Бились с Маничкой, бились – так и бросили ее на пятнадцатом году, оставили совсем, Что ж, если способностей нету. Пусть делает, что хочет.

А Маничка только этого и добивалась. Нянька говорила, что она с самых малых лет все спрашивала, почему запрещено то или другое.

– Потому что ты еще маленькая, – отвечала нянька. – Погоди, вырастешь – станешь делать, что тебе хочется.

– Совсем все, няня? Все у меня будет, чего захочется? А теперь отчего нельзя?

– А ты еще мала, старшие больше тебя знают, оттого и запрещают.

– А когда же я все узнаю?

– Учись, так и узнаешь.

– Это по книжкам? Там, няня, не про то. Там все вздор.

И что ей ни скажут, она сейчас по-своему рассудит и не поверит. Ничему не верила, что ей ни говорили.

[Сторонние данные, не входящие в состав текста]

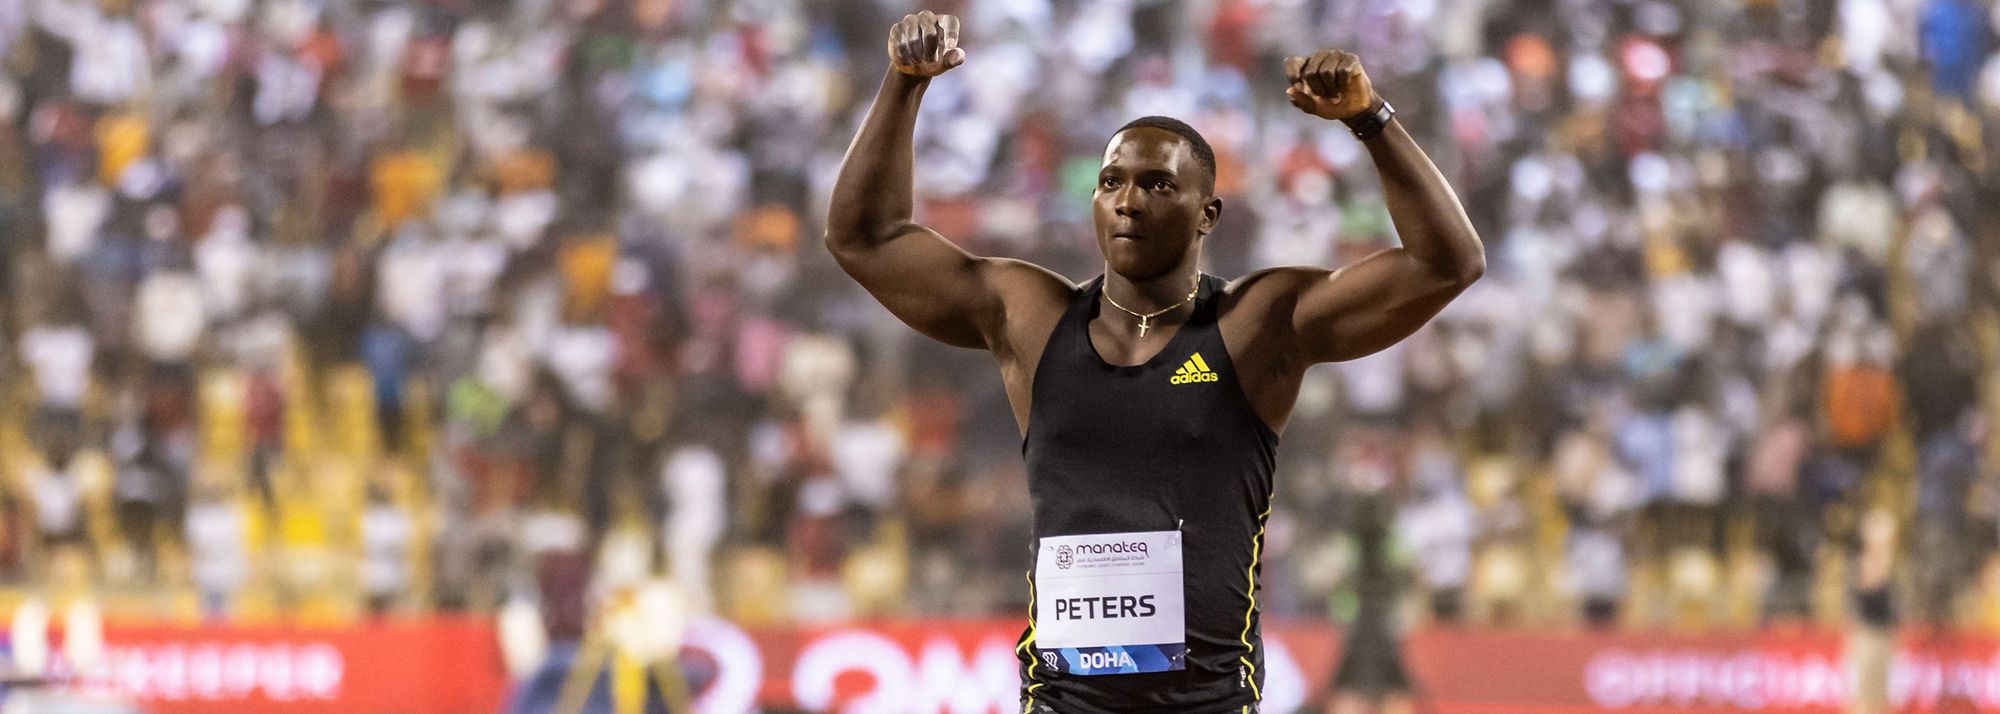 Fresh from his 93.07m throw in Doha, Anderson Peters will renew his javelin rivalry with Johannes Vetter, Jakub Vadlejch, Vitezslav Vesely and Keshorn Walcott.

– Грешно, деточка, за обедней зевать, – говорила няня. – Бог не велел.

– Ну вот, няня, а если мне хочется? Почему Бог не велел? А когда я буду большая, Бог мне все позволит?

С удивлением и недоверием слушала она ответы няни и сейчас же возражала:

– Это, няня, не так. Это вздор. По-твоему – я никогда, ни теперь, ни после не могу делать, как я сама думаю. Сначала ты, папа и мама, а после все равно Бог. Значит, я так и не буду знать сама, можно ли что-нибудь сделать или нет?

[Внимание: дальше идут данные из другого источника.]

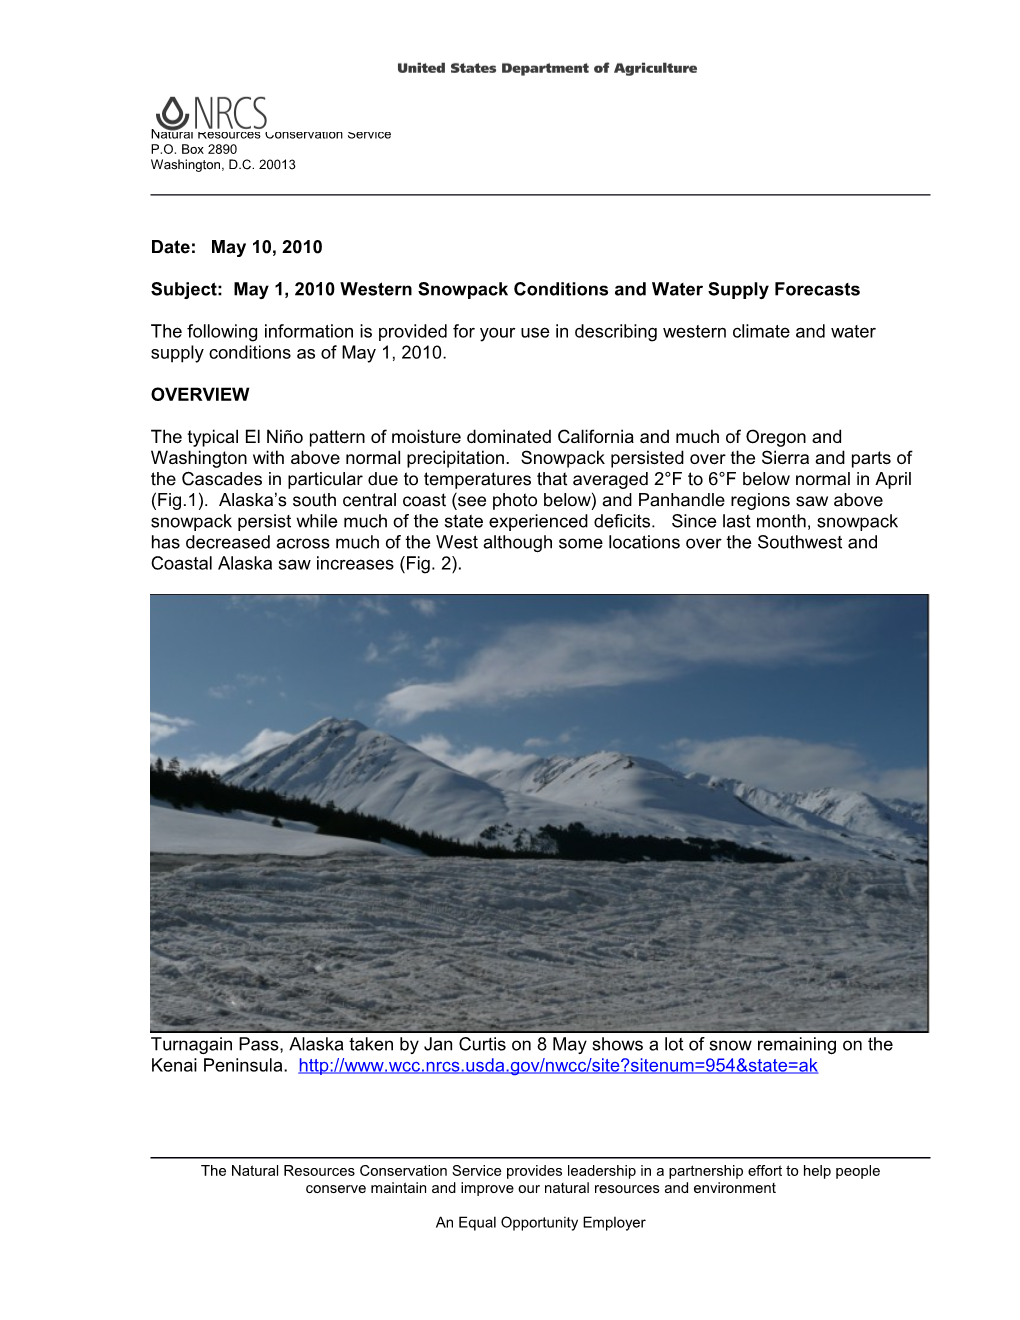 Subject: May 1, 2010Western Snowpack Conditions and Water Supply Forecasts

Маничка не училась, не переходила из класса в класс, не кончала гимназии – и потому никто не заметил, как она выросла и стала большой девушкой.

Год летел за годом неуловимо в благословенном городке. Папа получил св. Анну и справил юбилей, родились два маленьких братца, умерло несколько членов суда, назначили новых, стали расчищать сквер на площади, а Маничка все еще ходила в коротком платьице с оборочкой и ездила на детские вечера, хотя ей исполнилось восемнадцать лет.

Вероятно, если б она была красива – все вышло бы иначе. Но Маничка не выравнялась, как ожидали раньше. Круглое, полное лицо, довольно широкий нос, белые, неправильные зубы, тонкая коса светло-желтого цвета и маленькие, глубоко сидящие, черные глазки – все это придавало ей странный, немного тупой вид. К тому же она была невысока ростом, сутуловата, из-под короткого платья виднелись большие ноги.

Маничка, впрочем, совершенно не заботилась о своей наружности. Она стремилась только к одному – как бы ей чего-нибудь не запретили. Но запрещения случались редко.

На Маничку давно махнули рукой. Папа, впрочем, делал вид, что он сам все позволяет, а если бы хотел, то и запретил бы. Но на деле было не так, Маничка достигала многого упорством. Папа убедился в этом после истории с монастырем.

В Троицком женском монастыре, недалеко от города, у папа была тетка игуменьей. Маничка захотела остаться там гостить. Папа заупрямился. Маничка не кричала и не плакала, но в конце вышло по ее желанию, и она отправилась в монастырь на два месяца.

Вернулась оттуда – ничего не рассказала и только папа нашел, что выражение лица ее стало еще более тупым. Маничка любила гулять по утрам.

– Пусть девочка гуляет, – говорил папа, – это полезно для здоровья.

В доме прокурора жила девушка Анфиса. Она прежде была в монастыре и приехала оттуда с Маничкой. Тихая, покорная, как-то страстно богомольная – она вдруг привязалась к Маничке. Маничка относилась к ней равнодушно, никогда не разговаривала, но гулять всегда брала ее с собой.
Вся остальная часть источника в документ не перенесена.